Утром приходят трое жандармов с саблями и укрепляют решение Энгельхардта. Еще накануне вечером, в Мемеле, тот самый редактор, прекрасно разглядевший нудиста на пляже, заявил на него в полицию. Мол, на косе валяется длинноволосый бродяга, в чем мать родила, — в трех километрах к югу от пляжа с дюнами. Ему, редактору, пришлось осуществить умелый маневр, чтобы провести свою невесту в некотором отдалении от правонарушителя: отвлечь в решающий момент, показав ей стаю перелетных птиц на горизонте или что-то в этом роде, — невозможно ведь терпеть такие безобразия, бродягу нужно задержать, нет, пьяным он вроде не был…

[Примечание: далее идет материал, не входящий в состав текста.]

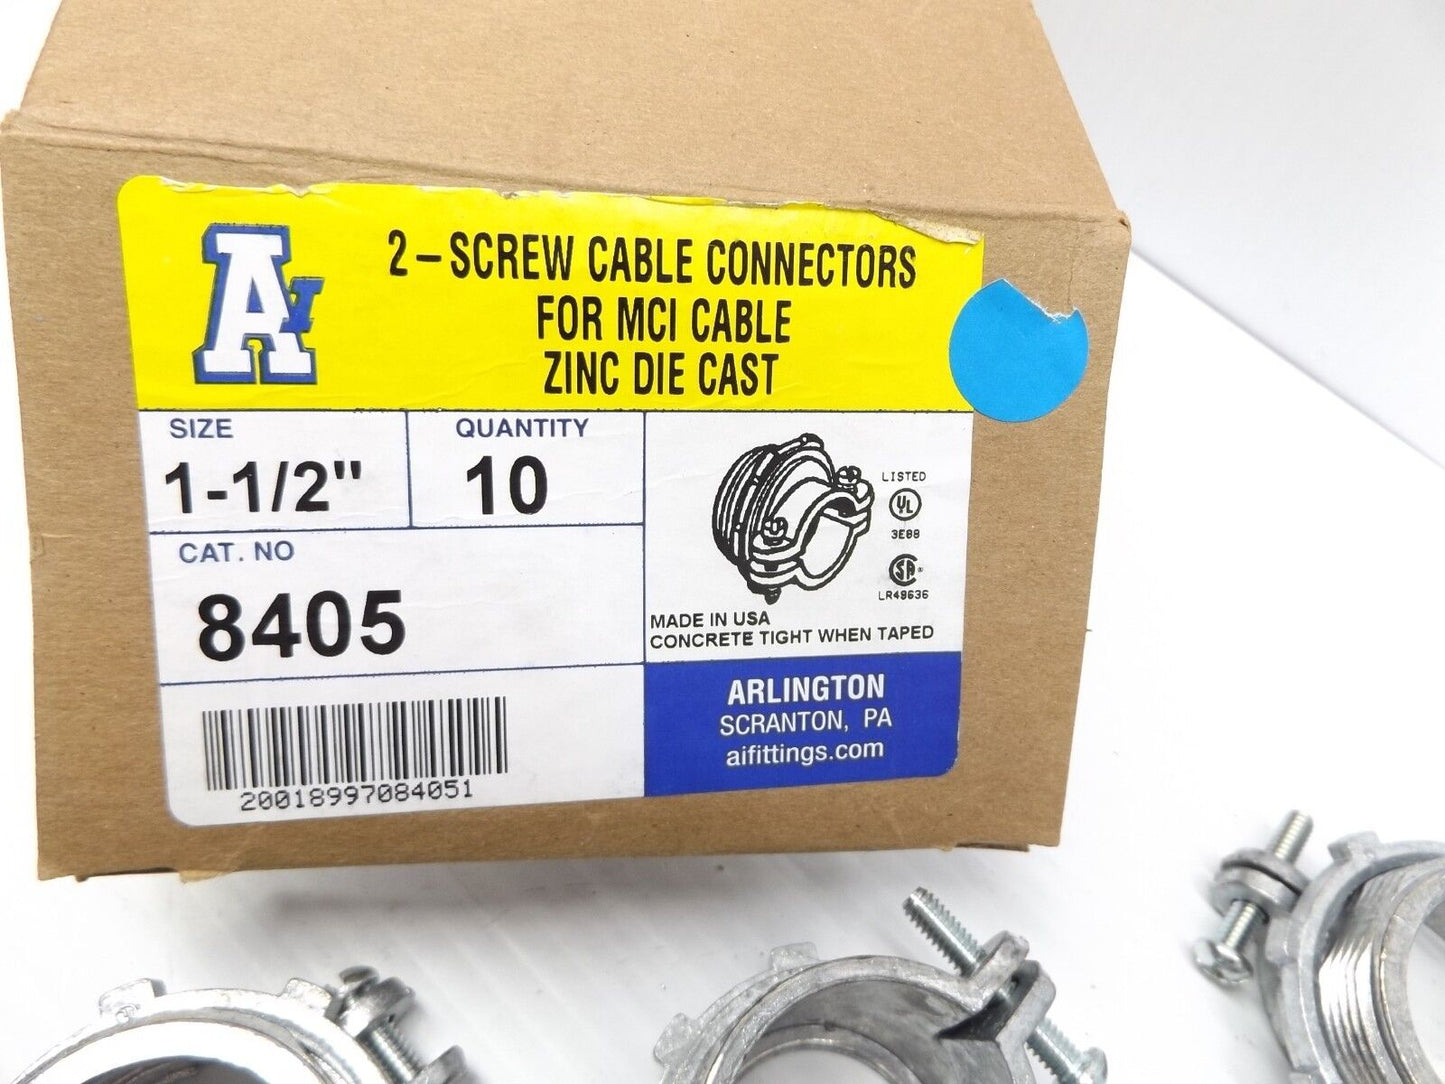 LOT OF 10 ARLINGTON 8405 CABLE CONNECTOR 1-1/2” FOR MCI, 2-SCREW ZINC DIE CAST

Энгельхардт просыпается, выглядывает из защищенного от ветра окопчика, который устроил для себя накануне, и видит прямо перед собой три пары сапог с заправленными в них форменными брюками; его слегка знобит после по-летнему теплой ночи, жандарм швыряет ему рваное одеяло и очень грубым командным тоном, с литовским акцентом, велит последовать за ними в Мемель: дескать, он, хулиган, находится под арестом; обвинение в нарушении общественного спокойствия — самое малое, что ему могут предъявить. Едва Энгельхардт успевает подняться на ноги и завернуться в кусачее армейское одеяло, один из жандармов — не самая светлая голова — подставляет ему подножку, и наш друг, споткнувшись, падает ничком в песок. Злорадный смех… В сущности, все трое — не самые светлые головы. Когда Энгельхардт оказывается распростертым перед ними, ими овладевает животное желание проявить собственную власть (что характерно для благонамеренных германских подданных): они начинают пинать свою жертву и обрабатывать кулаками, а главный ударяет Энгельхардта по спине рукояткой сабли, потому что тот свернулся в клубок, пытаясь избежать ударов. Энгельхардт наконец находит прибежище в исходящем белой пеной, гудящем беспамятстве.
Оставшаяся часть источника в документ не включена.